The MAIN Platform offers a unique investment opportunity by bridging the gap between user data ownership and corporate data demand within a decentralized ecosystem.

  • Exposure to a User-Driven Data Economy: As the world transitions to more ethical and transparent data practices, the MAIN platform positions itself at the forefront of this movement. Investors in the MCN token gain exposure to a growing ecosystem where user data, captured and shared with consent, becomes a tradable and highly sought-after commodity.

  • Alignment of User Incentives with Platform Growth: The tokenomics structure ensures that users are actively incentivized to contribute to the platform’s success. By tying rewards to data sharing and storage, the platform fosters organic growth and increased user activity. This alignment guarantees that token demand scales proportionally with platform adoption. By holding the token, the scaling effects of exposure to the wide world of data sharing are felt through ever-increasing Fiat payments from brokers who wish to continue having access to user-submitted, trustworthy data.
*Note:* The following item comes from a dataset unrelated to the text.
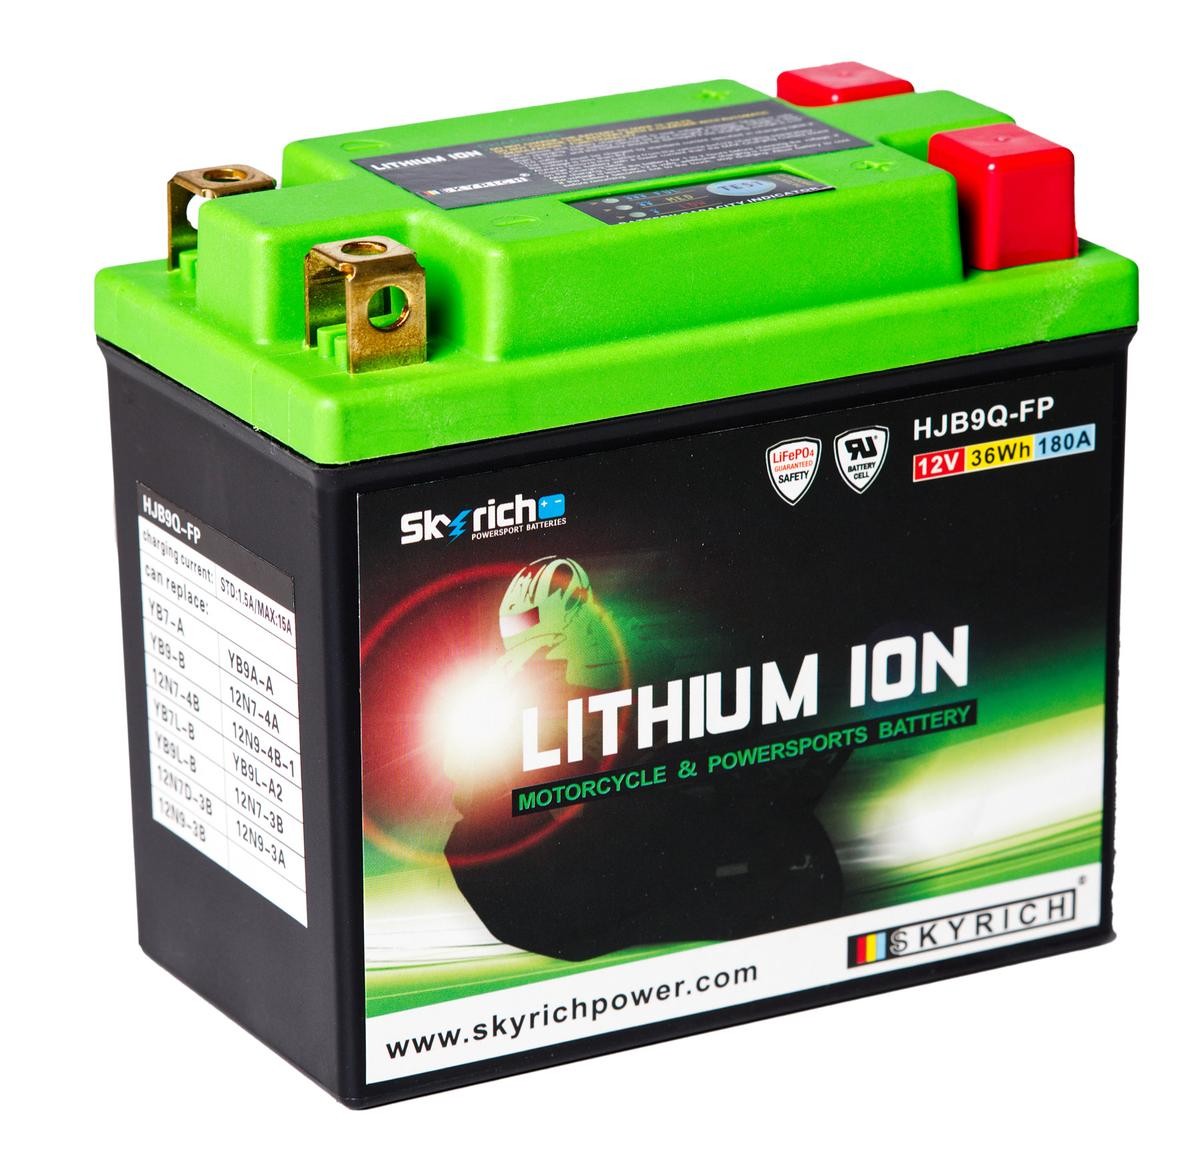 HONDA CB (CB 1 - CB 500) Batterie 12V 3Ah 180A N Li-Ionen-Batterie SKYRICH LITHIUM ION HJB9Q-FP

  • Potential for Value Appreciation Through Increased Adoption: With a limited token supply and a well-controlled liquidity module, the MCN token benefits from deflationary pressures as adoption grows. As more companies leverage the MAIN platform to access high-quality, user-consented data, demand for the token increases, driving value appreciation. Additionally, the hybrid fiat-to-MCN model ensures a stable and sustainable economy, reducing volatility and ensuring investor confidence.


6.9 Token Distribution (Draft)

The total supply of 1,000,000,000 MCN tokens is strategically allocated to ensure balanced growth and stakeholder alignment.

This distribution model is designed to create a robust foundation for MAIN's growth while incentivizing long-term participation from all the stakeholders.


The current data economy is broken - centralized entities collect and profit from user data without consent or fair compensation, leading to privacy breaches and misaligned incentives. MAIN offers a solution through its decentralized data economy, where users maintain ownership of their personal data and can selectively share it with trusted entities. Through the MCN token system and Protocol-Owned Liquidity, MAIN creates a sustainable ecosystem where users are fairly compensated for sharing accurate data while maintaining control over their privacy.